REQUIRED ACTION
Copy the listing below exactly, but skip the pictures.

SOURCE DATA
══════════════════════════════

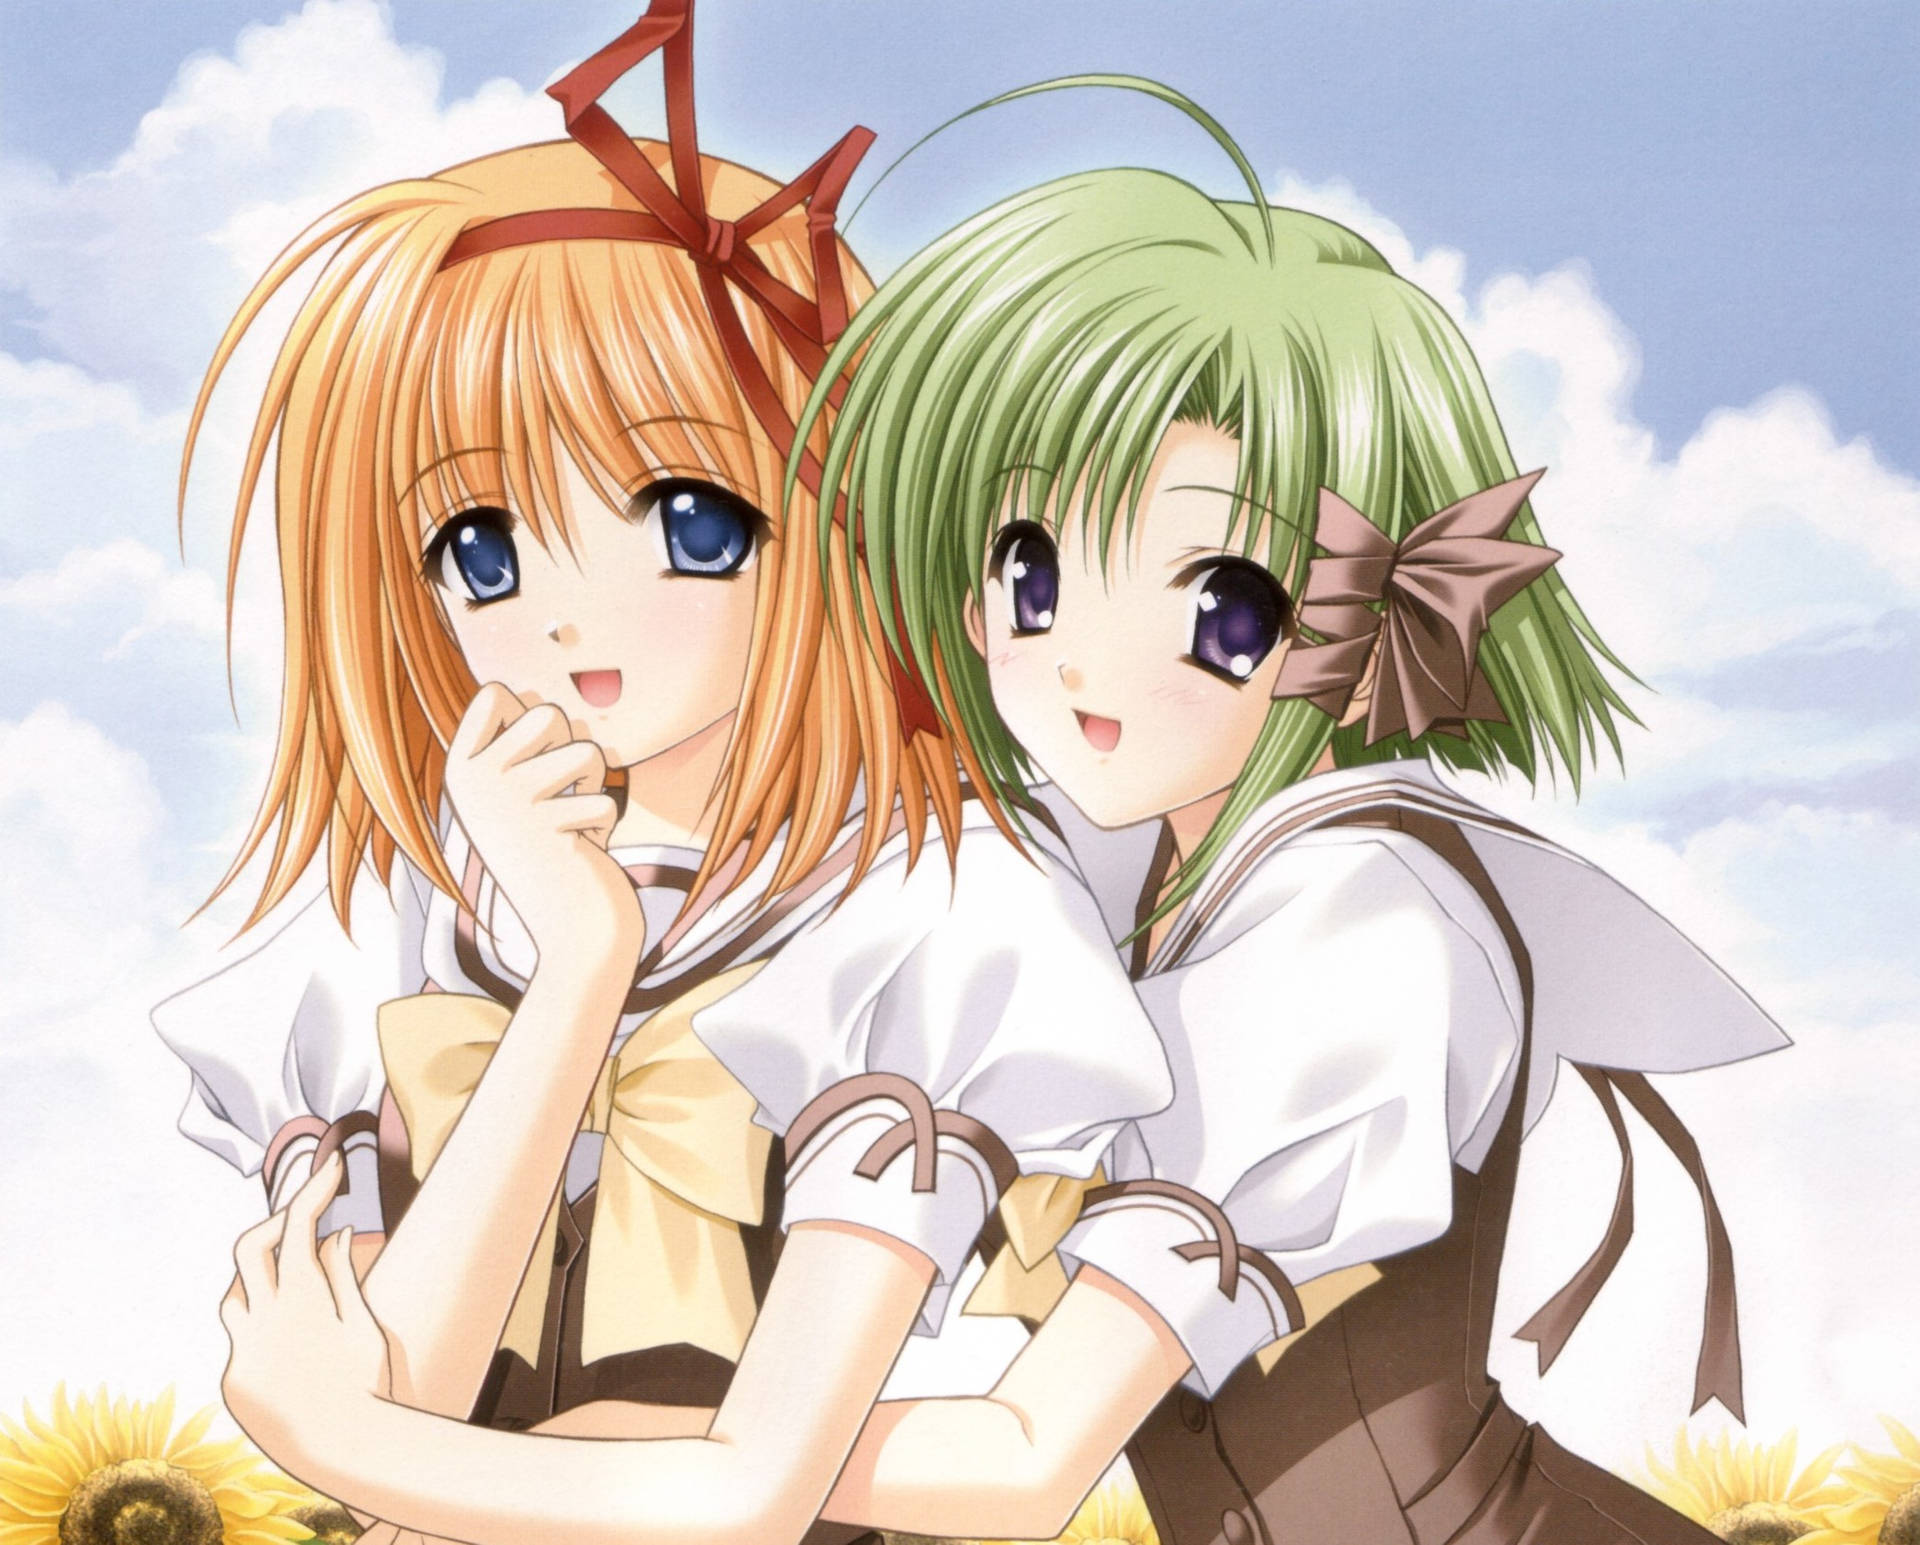 Anime Scenes on Twitter Childhood Friend vs Little Sister anime  otaku oreimo httptcoL3QSZH6Nt9  Twitter
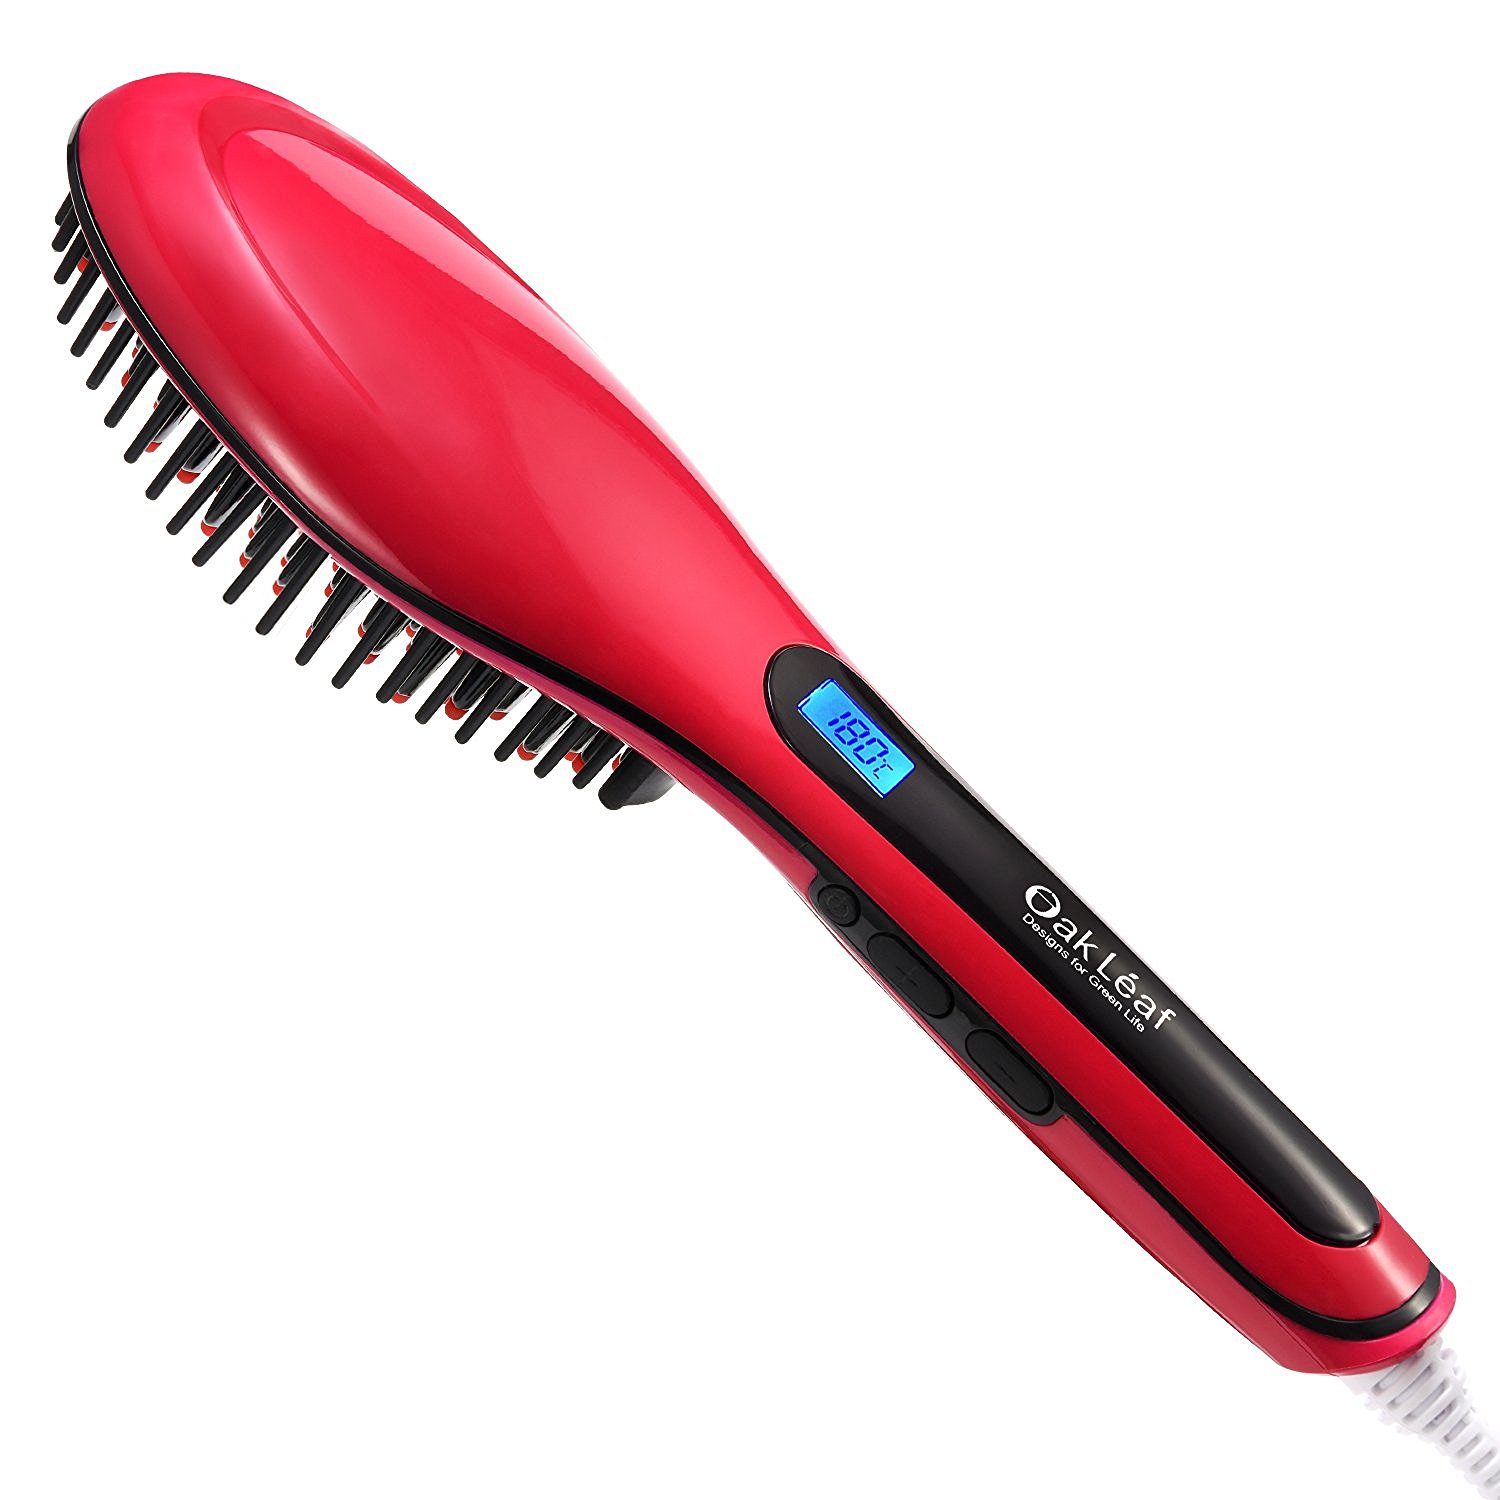 Hair Straightener Brush – Just $16.99!
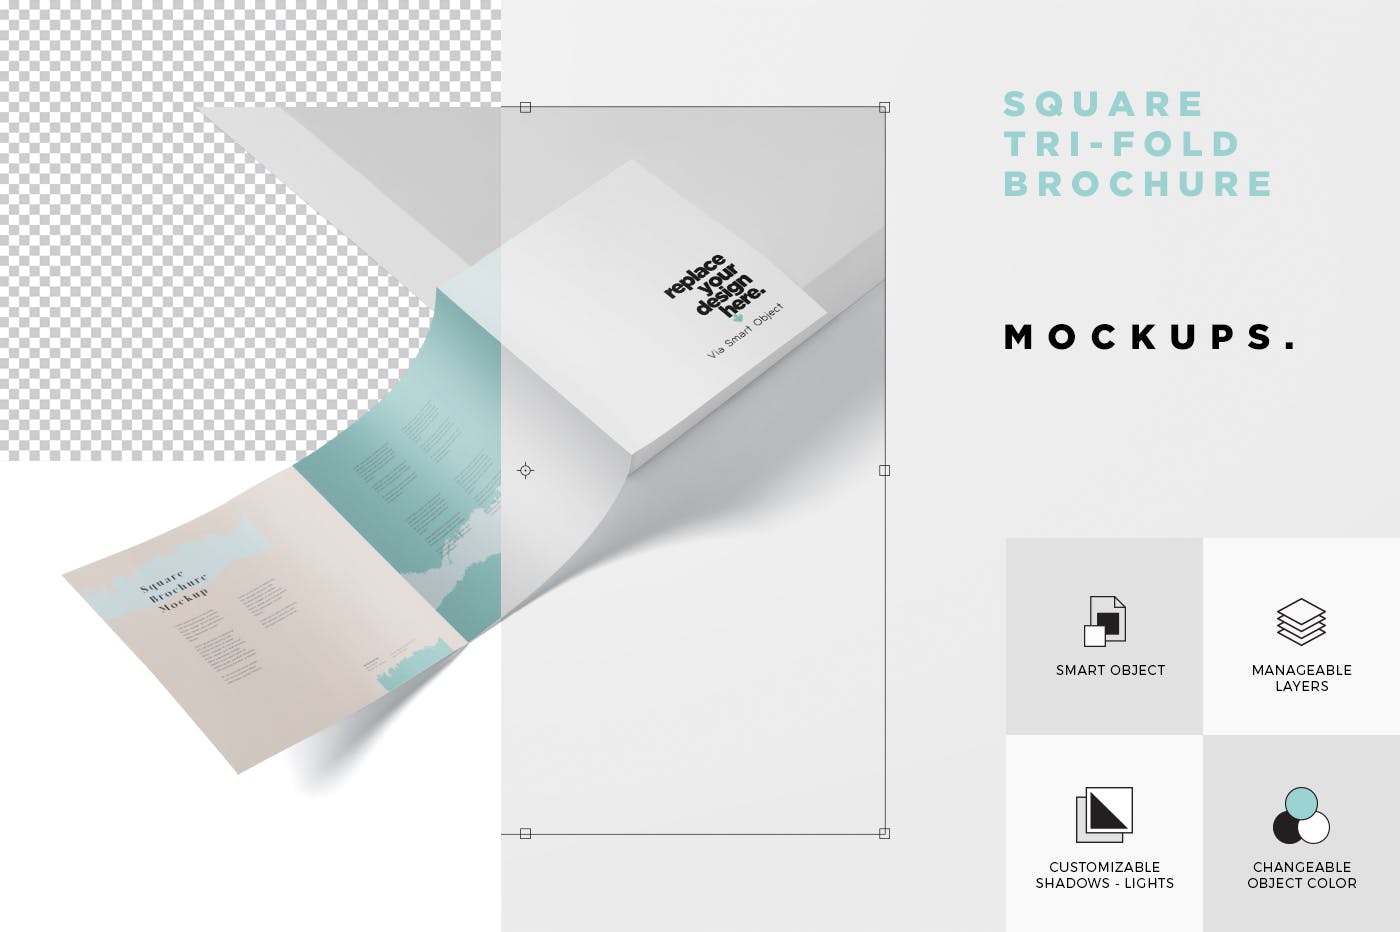 方形三折页宣传册传单印刷效果图样机蚂蚁素材精选 Tri-Fold Brochure Mock-Up – Square插图(5)

══════════════════════════════

ANSWER TO THIS PROBLEM
 Anime Scenes on Twitter Childhood Friend vs Little Sister anime  otaku oreimo httptcoL3QSZH6Nt9  Twitter
 Hair Straightener Brush – Just $16.99!
 方形三折页宣传册传单印刷效果图样机蚂蚁素材精选 Tri-Fold Brochure Mock-Up – Square插图(5)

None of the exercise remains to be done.